RESULTS: MR imaging demonstrated cord edema in 100% of patients and cord hemorrhage in 67% of patients. The mean longitudinal length of cord edema was 10.3 ± 4.0 U, and the mean length of cord hemorrhage was 2.6 ± 2.0 U. Increased time to MR imaging correlated to increased spinal cord edema length (P = .002), even after accounting for the influence of other variables. A difference in time to MR imaging of 1.2 days corresponded to an average increase in cord edema by 1 full vertebral level. Hemorrhage length was not affected by time to imaging (P = .825). A temporal increase in the length of spinal cord edema was confirmed in patients with short-interval follow-up MR imaging (P = .003).
CONCLUSION: Spinal cord edema increases significantly during the early time period after injury, whereas intramedullary hemorrhage is comparatively static.
Acute traumatic spinal cord injury (SCI) is a devastating event with an incidence of approximately 11,000 injuries in the United States each year.1 MR imaging is critical to the assessment of acute cervical SCI because it clearly depicts lesion location, extent, and severity. Spinal cord intramedullary edema and hemorrhage are readily appreciated2,3 and, to some extent, correlate with the clinical neurologic deficit.4–10 Prior studies have also revealed that both the presence of hemorrhage and increased hematoma length at MR imaging are associated with decreased motor recovery.7–10
Following the immediate structural and neurovascular insult, acute SCI sets into motion a cascade of secondary injuries.11,12 Work in animals has shown that intramedullary spinal cord hemorrhage and edema are dynamic, whether assessed by histopathology or MR imaging.13,14
The extent to which cord lesions evolve in patients during the early phase of SCI (ie, the first hours and days postinjury) is unknown; therefore, given similar clinical deficits, it is unclear to what extent variability in lesion size reflects differences in time to imaging after trauma. Similarly, it is not clear whether lesion expansion when observed on a short-interval follow-up MR imaging study is an ominous sign or a usual feature in the natural evolution of SCI. This fundamental lack of knowledge is particularly limiting with regard to research aimed at preventing the secondary injury cascade. With an increasing number of therapies for SCI coming to trial, MR imaging can be expected to continue to be increasingly incorporated into research protocols for these agents. An understanding of the acute evolution of SCI lesions on MR imaging is essential if imaging is to be used effectively in these protocols. Additionally, the variability of SCI lesions with time, if demonstrated, would likely have a significant impact on efforts to correlate spinal cord lesion size and location to the neurologic level of injury, because prior studies have not systematically accounted for differences in time to imaging. Such variability currently limits the reliability of MR imaging to serve as an accurate predictor of the patient's neurologic level and prognosis. This limitation is unfortunate in situations in which the MR imaging findings might be of particular utility, such as in the assessment of the obtunded patients or in patients not undergoing clinical evaluation at a specialized SCI center.
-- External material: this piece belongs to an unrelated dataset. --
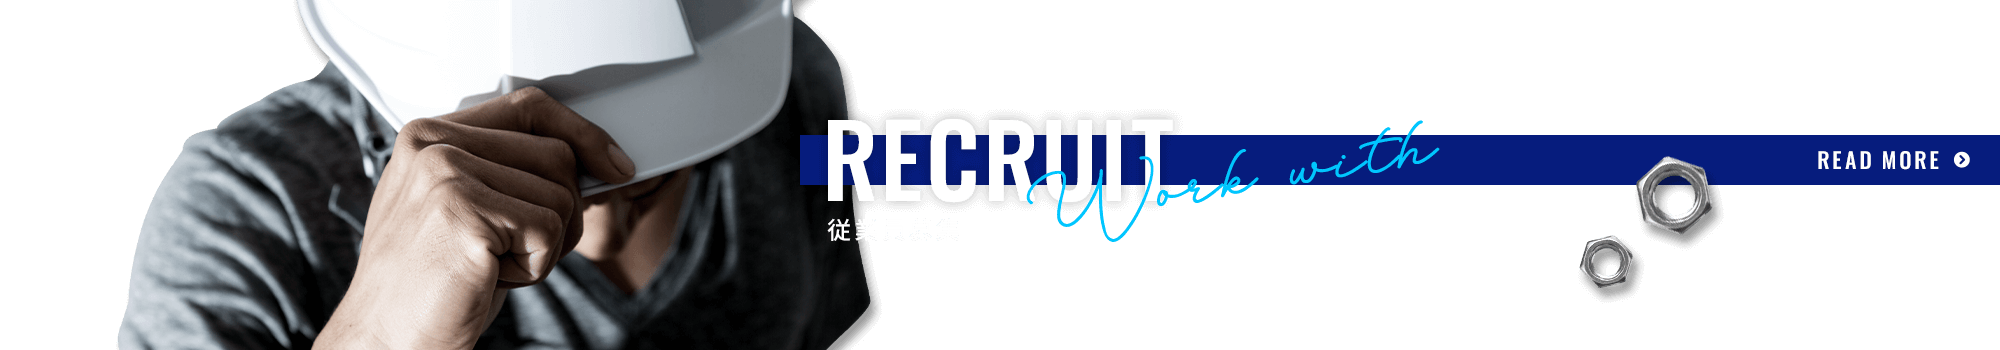 banner_recruit_cover

To better understand the evolution of SCI lesions, we retrospectively studied how the time interval between trauma and MR imaging affects spinal cord lesion size in patients with similar neurologic deficits. We also directly measured cord edema changes in a small number of patients for whom short-term MR imaging follow-up was available.
Methods
Study Cohort
Subjects (n = 48) were admitted to a regional SCI center between January 1998 and November 2002. Each patient underwent an acute clinical evaluation according to the International Standards for Neurologic and Functional Classification of Spinal Cord Injury,15 and the American Spinal Injury Association (ASIA) impairment grade and neurologic level of injury were determined. All patients were included in the study if they sustained an isolated cervical SCI from nonpenetrating trauma with a resulting neurologic level of C4, C5, or C6 and an ASIA A impairment score (complete loss of distal motor and sensory function), unless they met 1 of the following exclusion criteria. Subjects were excluded if there was not clear documentation of the time of injury in the medical record. This information was presumed accurate because the time of injury must have been clearly established to make the decision of whether to administer methylprednisolone (MPS), which must be given within 8 hours of injury, according to established protocol.16 To avoid any confounding effect of lack of MPS administration on lesion evolution,17 we excluded subjects if they did not receive MPS or if they did not receive MPS within 8 hours of injury. Subjects were also excluded if they did not have a diagnostic-quality MR imaging evaluation within 72 hours of injury.
MR Imaging
MR imaging was performed before surgical intervention. All images were obtained on the same 1.5T MR imaging unit (excluding upgrades) by using a similar protocol and were read by the same reviewer who was blinded to the interval between injury time and time to MR imaging. The MR imaging pulse sequences used for imaging included sagittal T1-weighted sequences (TR/TE, 600/20), sagittal T2-weighted sequences (fast spin-echo [FSE]: TR/TE/echo-train length, 2000/80/8), as well as gradient-echo sequences in the sagittal (TR/TE/flip angle, 350/20/15°) and axial (TR/TE/flip angle, 45/15/5°) planes.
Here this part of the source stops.